Eventually we tore ourselves away from our precious table. It was 10.20pm and the queue was showing no sign of abating. We decided that if we came again it would be midweek. But we also imagined bringing Amy's mum here for an eight o'clock booking on a Friday, saying: 'Right, here we are, this is the restaurant you wanted to come to,' and watching her face. We'd thoroughly enjoyed ourselves and our meal, but were angry with the restaurant for deliberately overbooking in this way, and thus showing little regard for its customers, only for its hype and profits (although it cannot be denied it's very reasonable, with the bill for the four of us falling just short of £50).

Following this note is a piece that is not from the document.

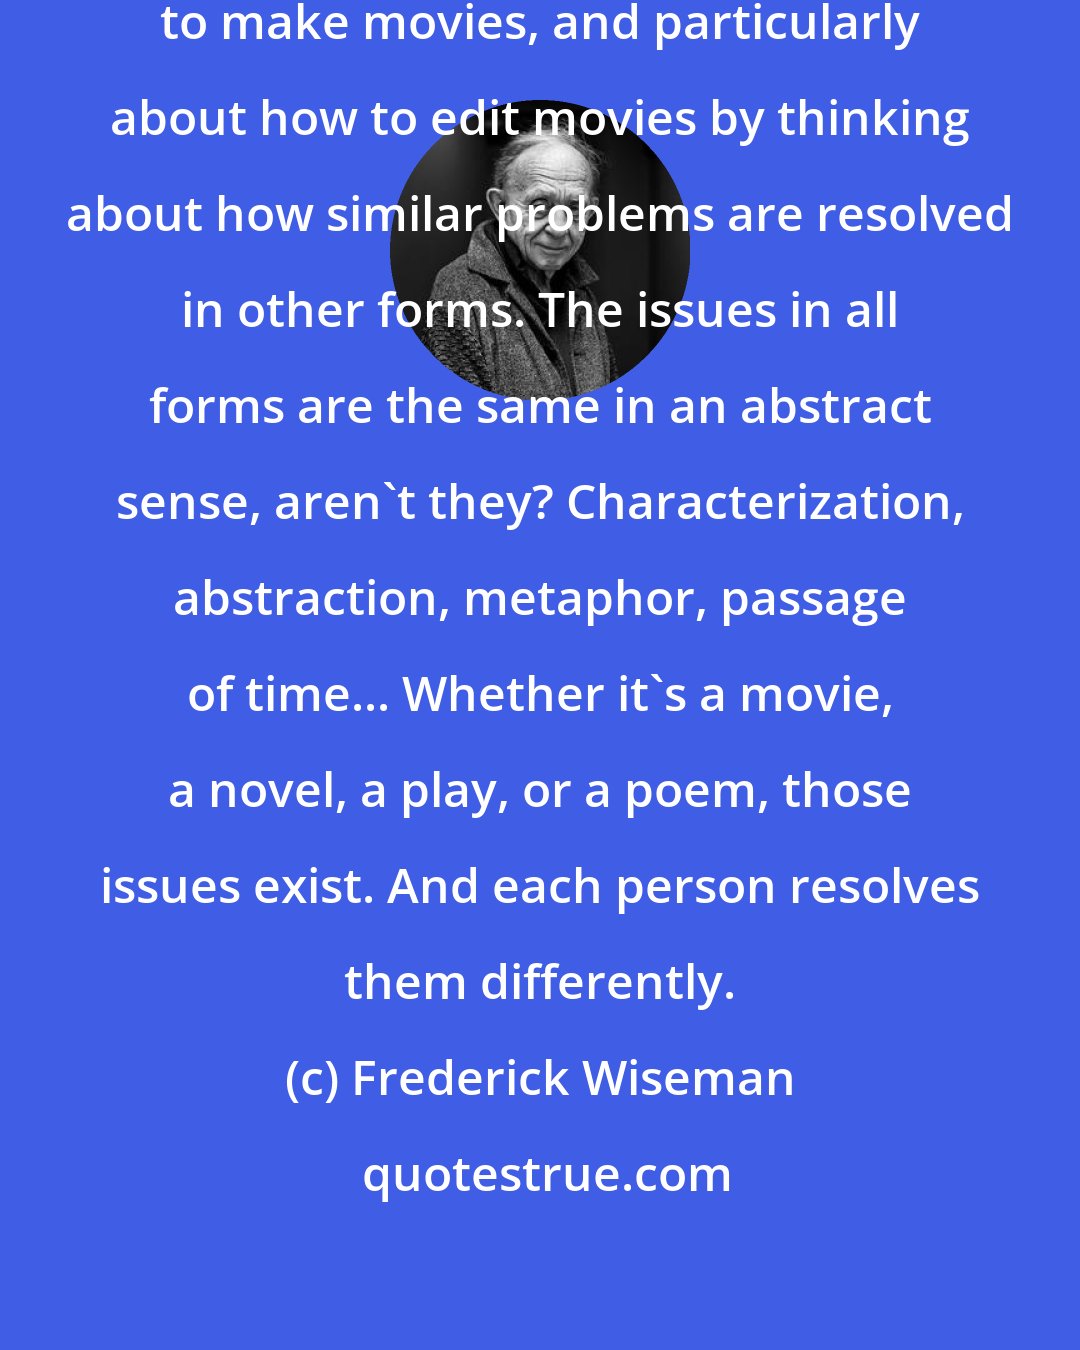 Frederick Wiseman: I think I've learned a lot about how to make movies, and particularly about how to edit movies by thinking about how similar problems are resolved in other forms. The issues in all forms are the same in an abstract sense, aren't they? Characterization, abstraction, metaphor, passage of time... Whether it's a movie, a novel, a play, or a poem, those issues exist. And each person resolves them differently.
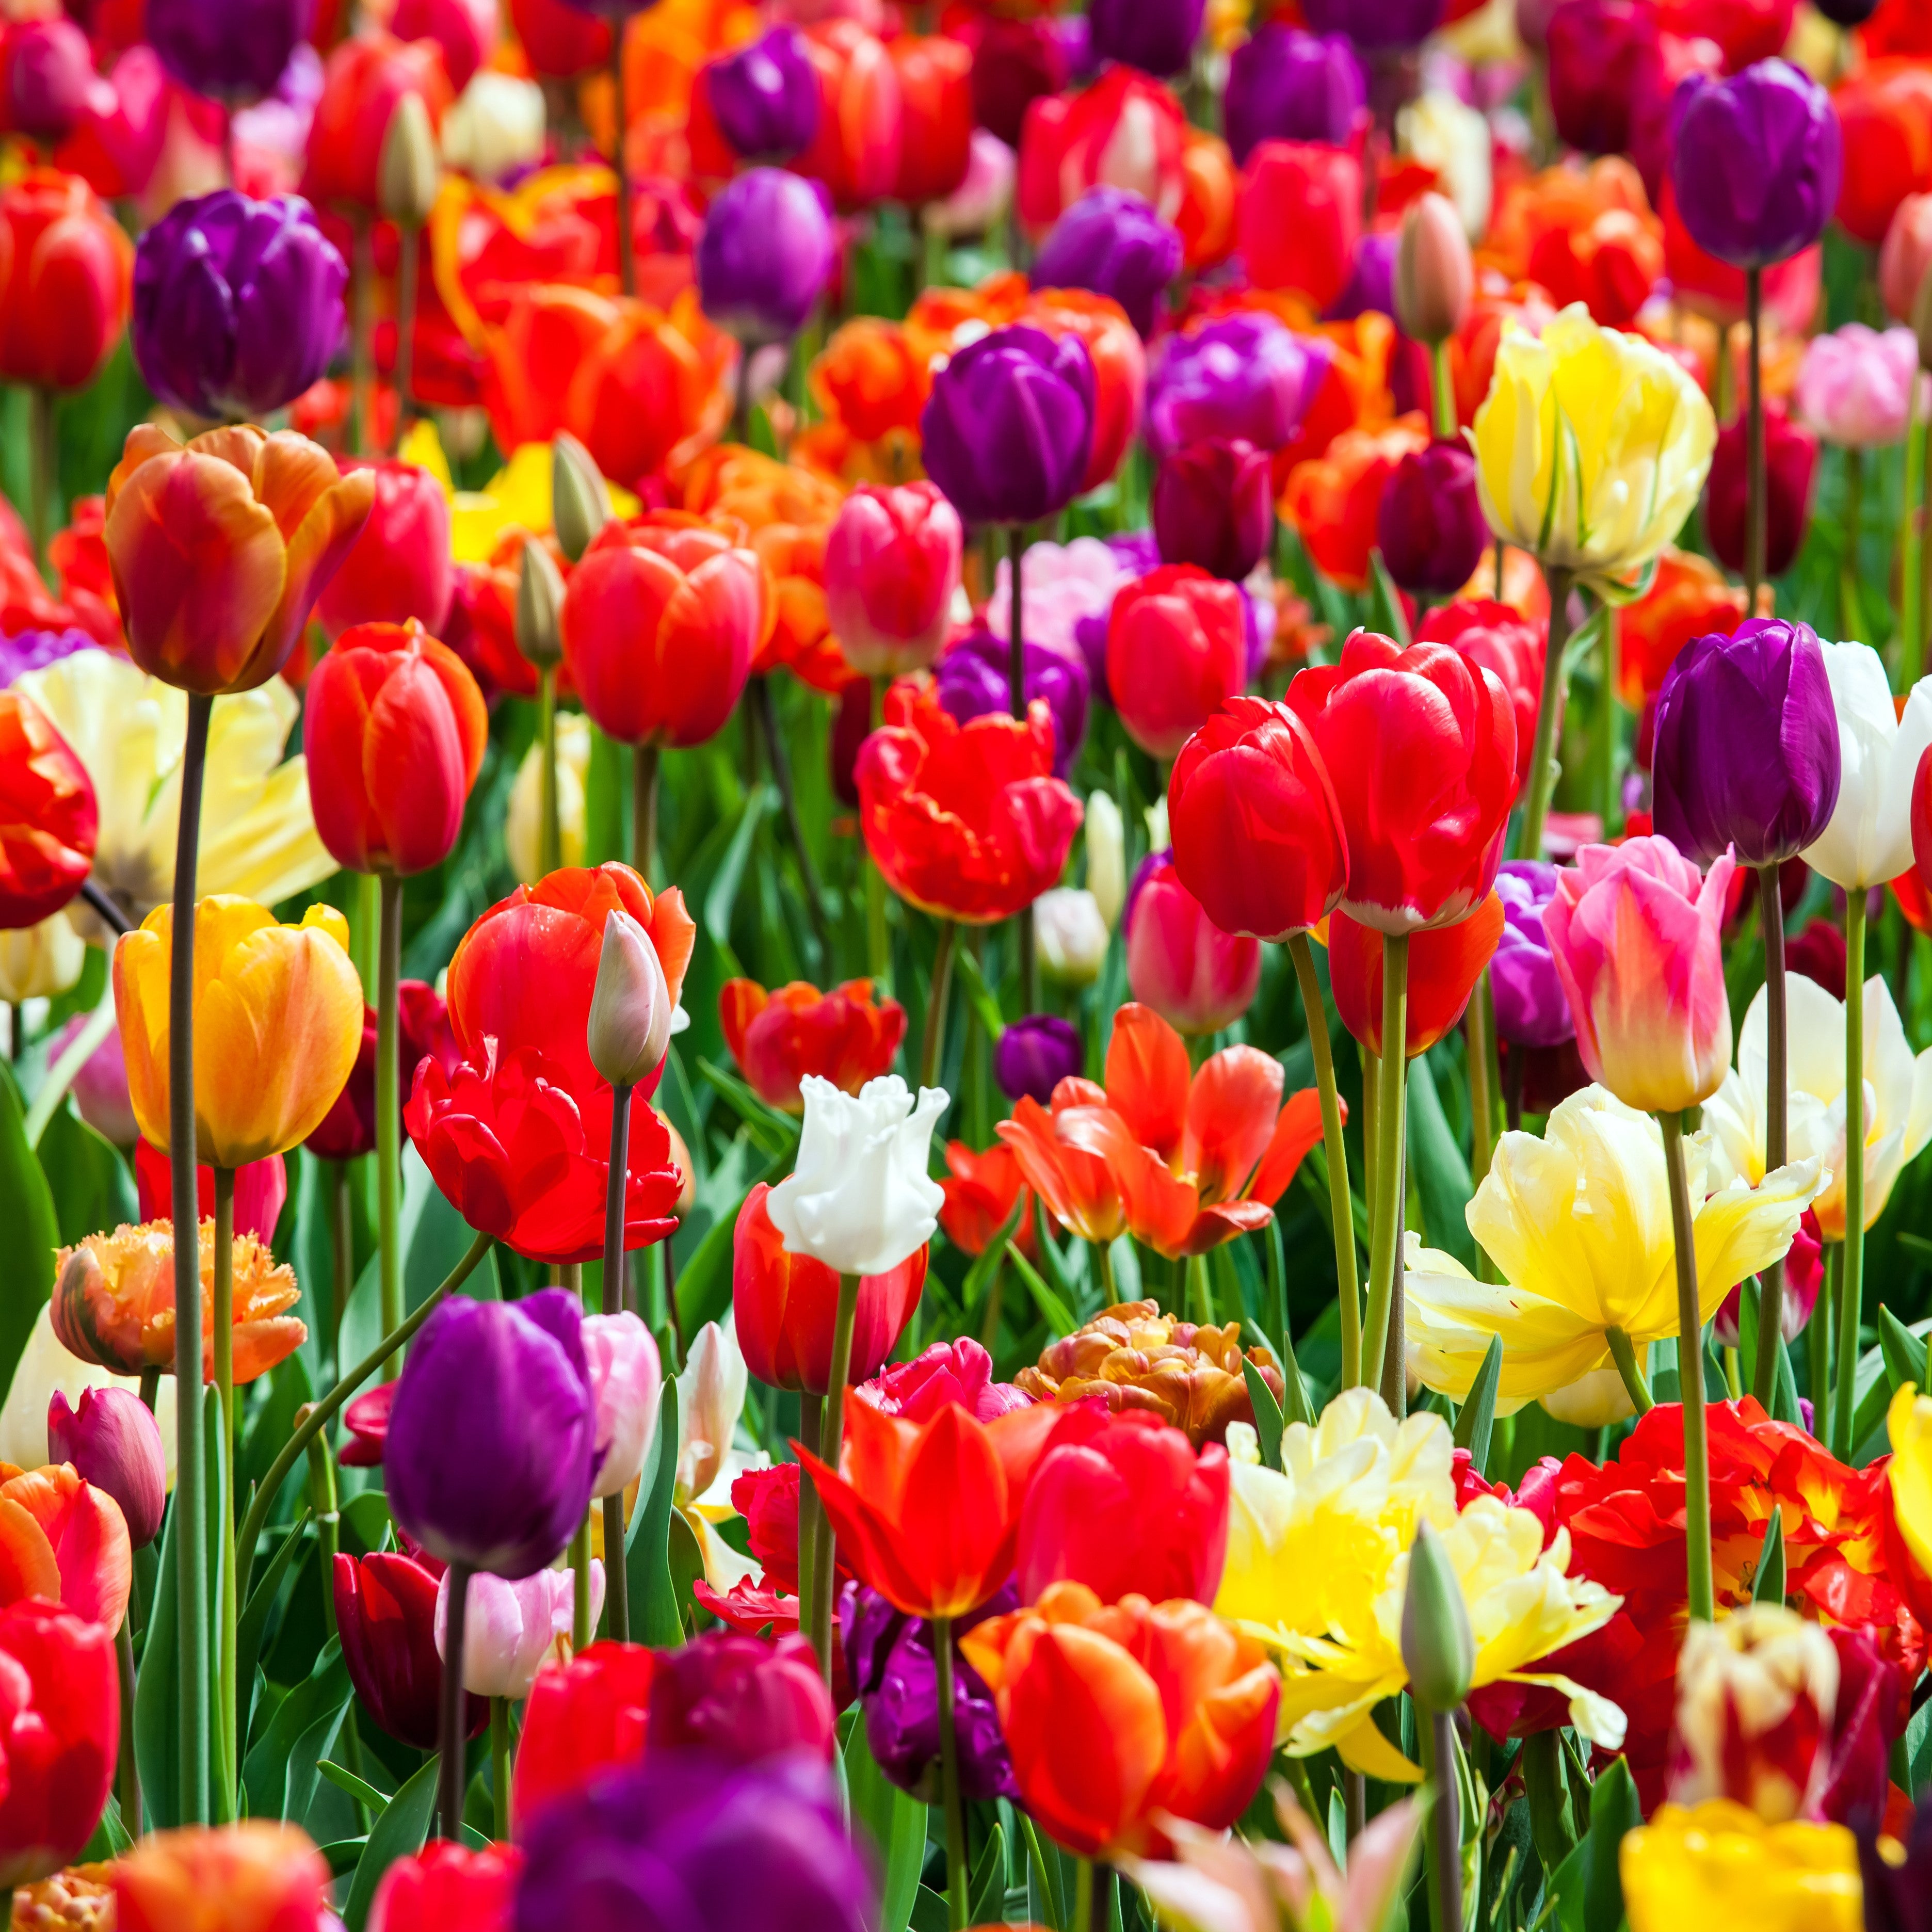 100 Multi-Colored Tulip Bulbs for Sale Online | Rainbow Mix – Easy To ...

Next evening I related my experience to the colleagues who'd first introduced me to the place.
'You want to go to the new New Tayyab's,' they told me. 'It was opened by the same people just round the corner. It's called Needoo Grill, and it's 98% as good as Tayyabs.'



2 comments:

AJW said...

Such an accurate description of Tayyabs! If the food wasn't so stupendously great, I'd never go back. If the service was better, I'd go every week. Can't believe you forgot it was BYO. You need twice as much booze to drink while you queue! Tips that I have are: 6 is the best number to have in your party. There is a unique, separate table for six that is yours pretty much as soon as you arrive. The tandoori lamb chops are the single greatest starter dish in London. The baby Tayyabs, Needoo Grill, is about 8 out of a Tayyabs 10. The food is not quite as good, the atmosphere and setting is a bit dingier, cafeteria style, and as it's smaller you'll still queue, only in a more confined space!

Anonymous said...

went to needoos after reading this it was horrable sorry to say!!